Eleven practices are urging a judge in a Manhattan federal court to prohibit an insurance middleman from changing how they get paid for Medicare and Medicaid patients.
DentaQuest, a third-party insurance provider based in Massachusetts, threatened to switch the practices’ payment model by April 1, a move the practices say could shutter some of them and erode dental care for more than 100,000 patients, according to a request for a temporary restraining order filed by the clinics. U.S. District Judge Mary Kay Vyskocil granted the clinics’ request to delay the reimbursement change on Wednesday, pushing off the move until the court holds a hearing on April 8.
But if those changes come to fruition they could still be detrimental for the clinics, they say. If DentaQuest adjusts their rates, the practices will be “excluded from the networks of virtually every New York state health plan for no valid reason and the majority of the practices will be immediately closed,” the legal filing said.
Shuttering dental practices that accept low-income patients could exacerbate existing barriers to dental care, the practices say. One in six New Yorkers who needed dental care in the past year could not get it, in part because of the small number of practices that accept Medicaid, according to a survey released last year by SUNY Albany’s Center for Healthcare Workforce Studies.

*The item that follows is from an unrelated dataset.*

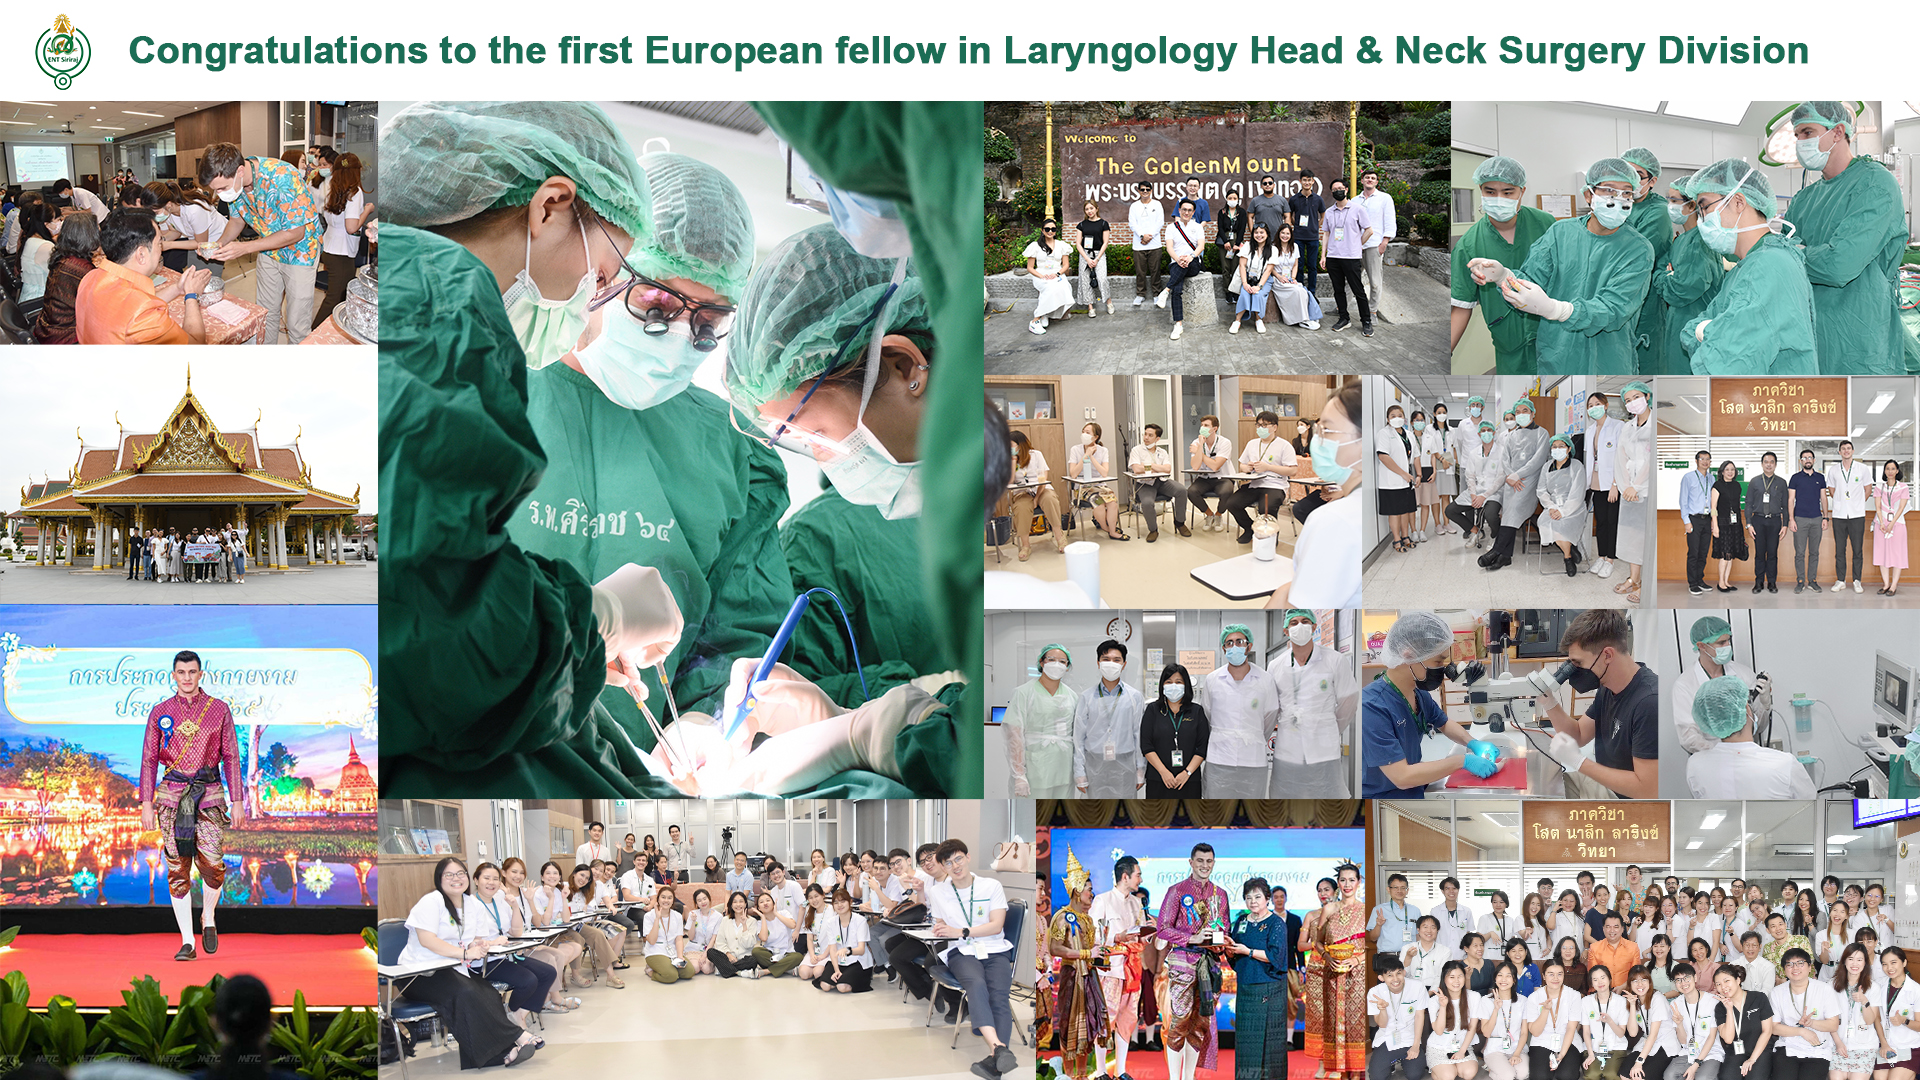 Congratulations to the first European fellow in Laryngology Head & Neck Surgery Division!
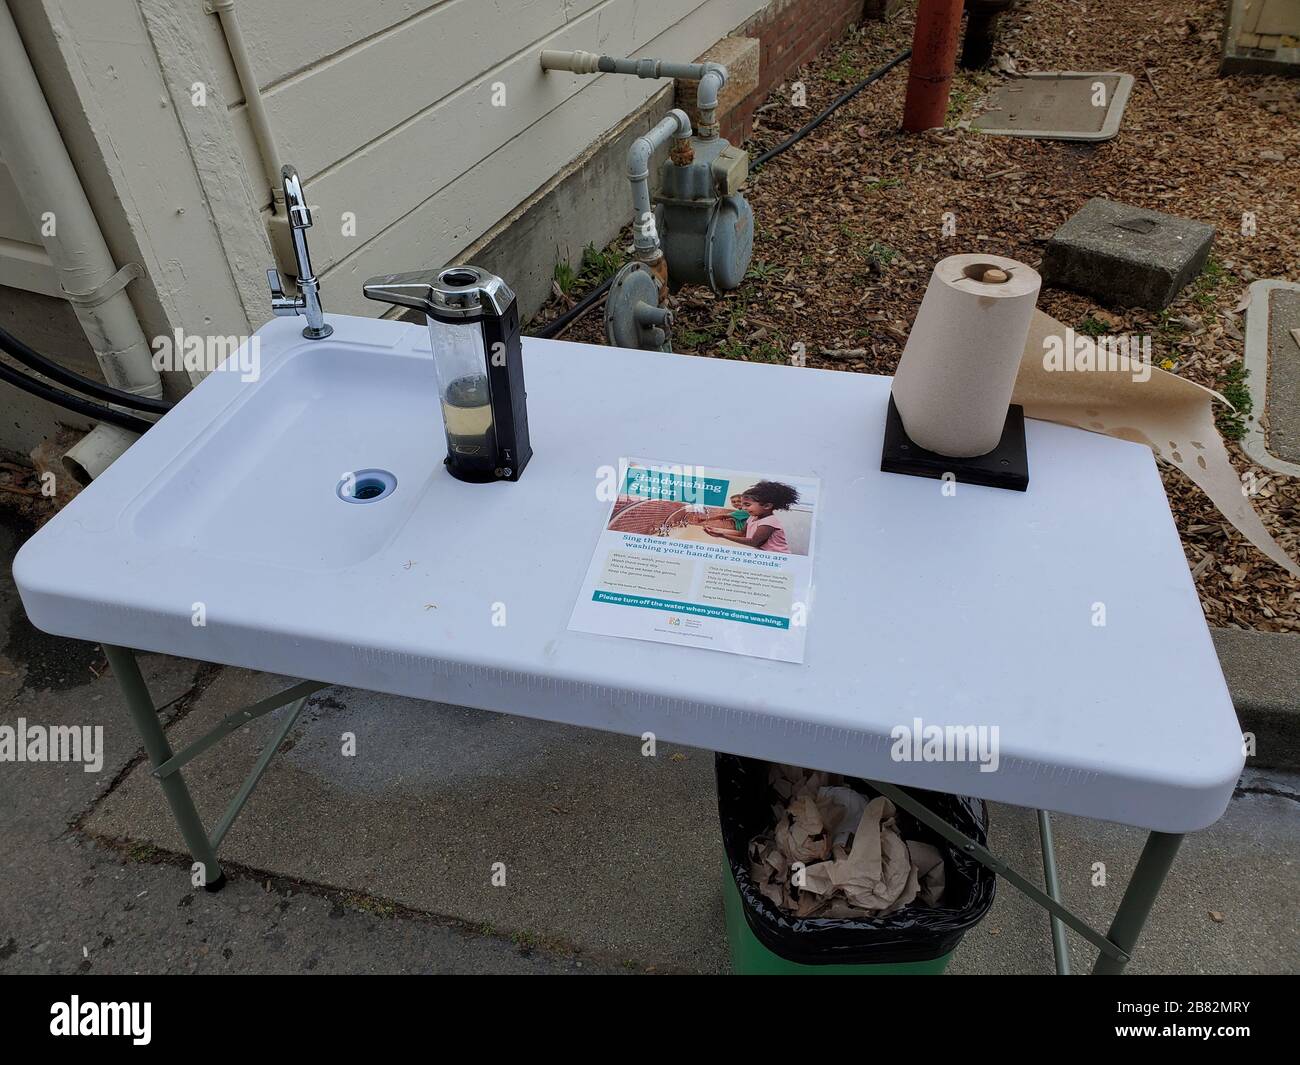 At the Bay Area Discovery Museum, a children's museum in Sausalito, California, a hand washing station is set up as part of an educational program about hand hygiene during an outbreak of COVID-19 coronavirus, Marin County, Sausalito, California, March 8, 2020. () Stock Photo

A representative from DentaQuest did not respond to a request for comment by publication.
DentaQuest, an independent physician association, contracts with Medicare and Medicaid plans to coordinate oral care for their members. The eleven practices that filed the lawsuit against DentaQuest are in-network for health plans, including HealthFirst and Affinity, and DentaQuest refers patients to those clinics to receive services, legal filings say.
Last year, DentaQuest informed the practices that it would be shifting its payment model for HealthFirst and Affinity patients to “fee-for-service,” meaning that the clinics would receive reimbursements for every individual service provided, according to the filings. The practices were previously reimbursed through a capitation model, receiving a monthly cash payment upfront for every health plan member, regardless of what services were rendered. The shift to a fee-for-service model – which the clinics say is a breach of their contract that extends through 2026 – would effectively cut their reimbursement rates and make it impossible to keep their doors open.
The practices are ultimately seeking to block the change. In the meantime, some have sent letters to patients informing them that they should seek alternative options for care. 42nd Street Dental Associates PC, a clinic based in Midtown, sent notices to patients informing them that they would close down on April 30, according to a copy of the letter reviewed by Crain’s.